Two other spending reforms were passed in September of this year. The first was a new rule of procedure in the House of Representatives, H. Res. 1000, which requires a list of earmarks and the Representatives requesting them, even (or perhaps especially) earmarks dropped into bills at the conference stage (i.e., when the House- and Senate-passed bills are being reconciled). Per the “Boehner protocol,” at least as long as the current Majority Leader is in place, H. Res. 1000 will be applied broadly and without loopholes to all new bills containing earmarks, regardless of form.
The other was a bill, passed and signed as the culmination of a campaign begun in the blogosphere, entitled the Federal Funding Accountability and Transparency Act, a/k/a the Coburn-Obama bill, which provides for a public database of federal grants and contracts.
H. Res. 1000 and the Coburn-Obama bills don’t cut a dime by themselves, but anybody who knows Washington can tell you that changing the procedures is half the battle; by providing increased public and media oversight over earmarks and pork-barrel spending – as well as simply a better mechanism for Members to see what they are voting on and at whose behest – the rule and the bill together provide a first step towards getting the pork problem under at least the beginnings of control.
6. Free Trade
This Congress passed two significant free trade acts, the Dominican Republic-Central America-United States Free Trade Agreement Implementation Act (CAFTA), signed in August 2005, which opens markets in Latin America, and the United States-Oman Free Trade Agreement Implementation Act in September 2006, which eliminated trade barriers for an ally in the Middle East. That is, if you are keeping track, two more examples of less government and more liberty – and with the benefit of making more friends abroad. Given the anti-free-trade tilt of the post-Clinton Democrats, a Republican majority is crucial to getting trade deals done.

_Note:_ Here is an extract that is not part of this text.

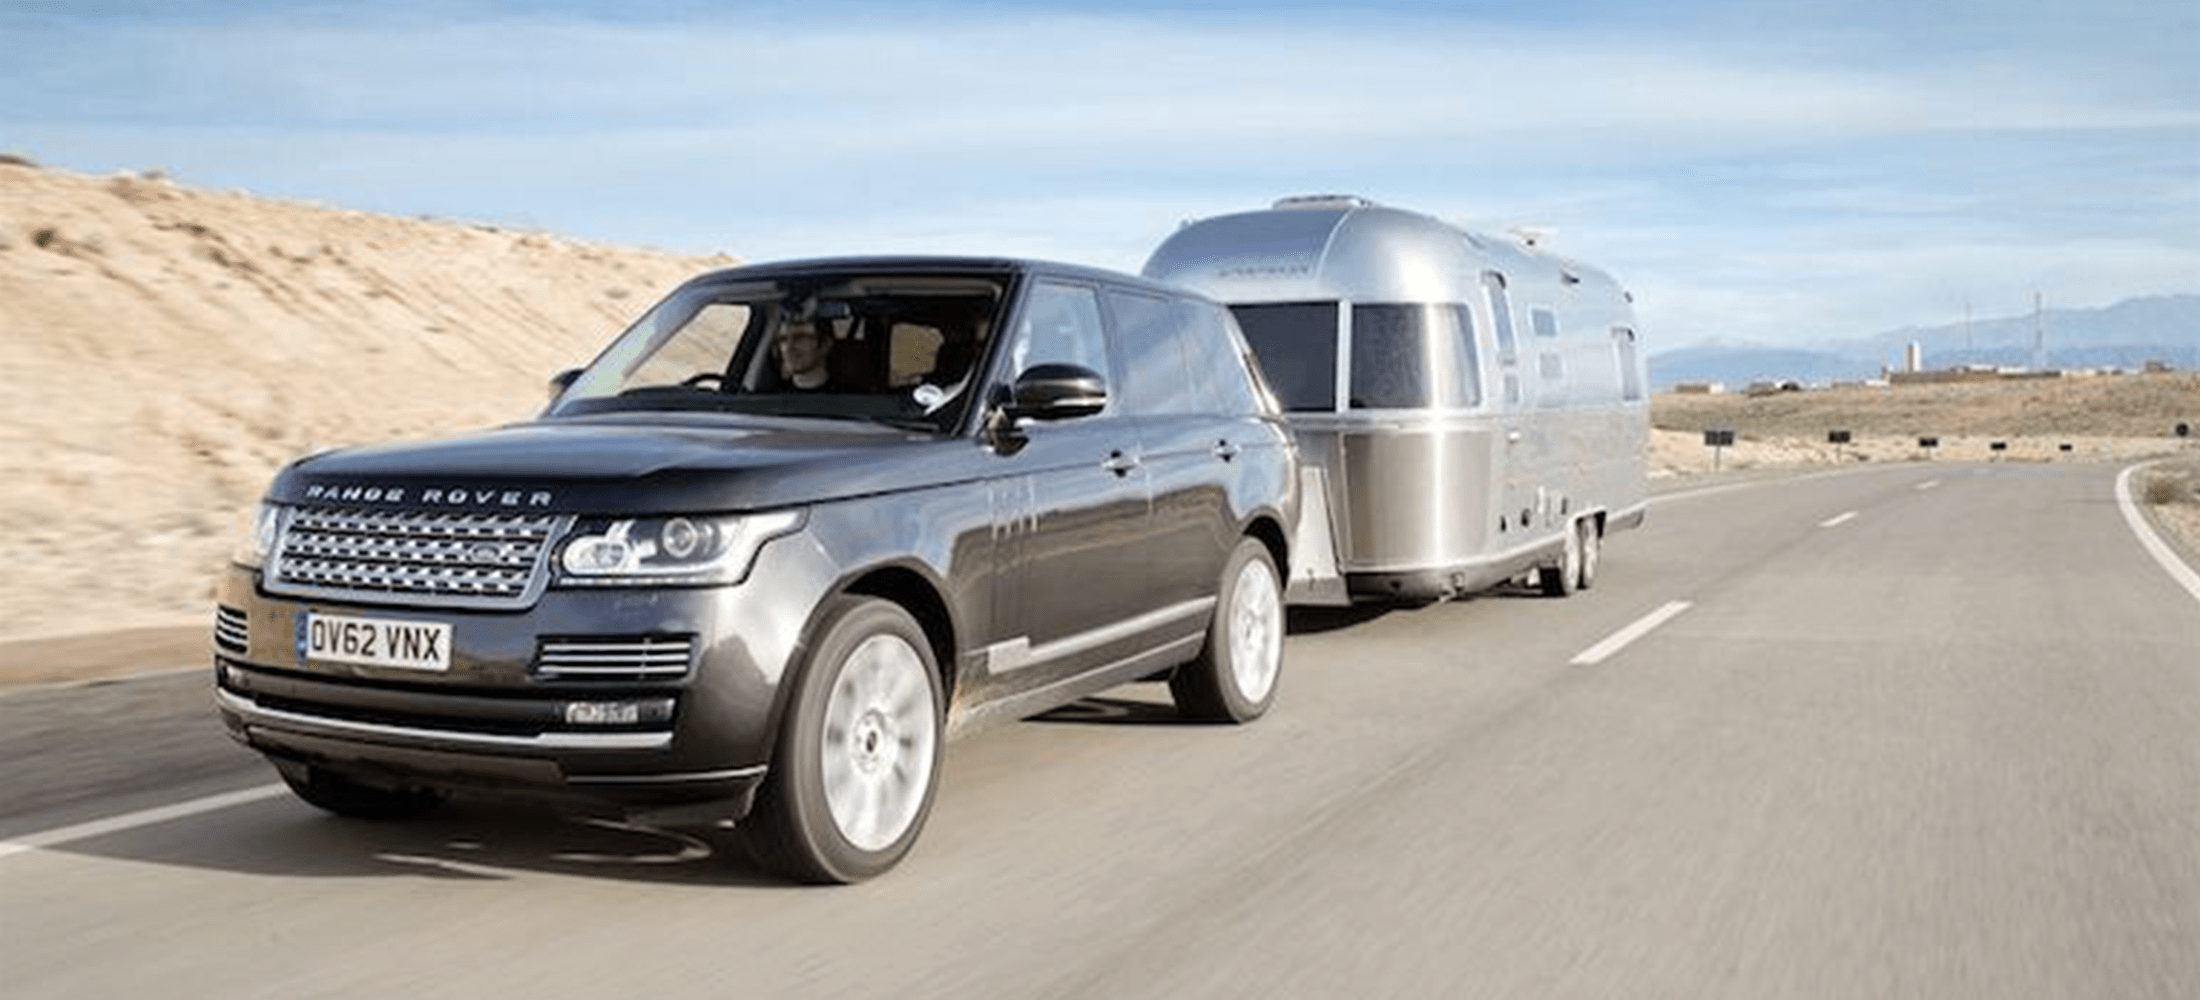 Leasingrückläufer Land Rover mit Anhänger

Free trade pacts with Peru and Vietnam remain pending for the next Congress.
7. Lawsuit Reform
This is perhaps the one I’m most intimately familiar with, and one that has had immediate practical significance – the Class Action Fairness Act, passed in February 2005. Like a lot of subjects on this list, reform of the civil justice system will likely take many incremental steps, but this one went right to work, immediately re-routing scores of multimillion-dollar nationwide class actions with nationwide effects out of the handful of plaintiff-friendliest state court jurisdictions and into federal court to be governed by uniform national procedural standards (including the fact that federal courts are less likely to apply a single state’s law to a lawsuit involving people from all over the country). Though it operates to transfer power from state to federal government, CAFA is actually a significant boon to federalism by reducing the ability of any single state to export its laws and the biases of a particular locale to the nation as a whole.
Not such a terrible job for two years’ work, two years in which much attention was consumed by natural disasters at home and war abroad and during which the House leadership underwent a significant mid-course reshuffling. More can, and should, be demanded of future GOP majorities. But much less should be expected if those majorities don’t survive November 7.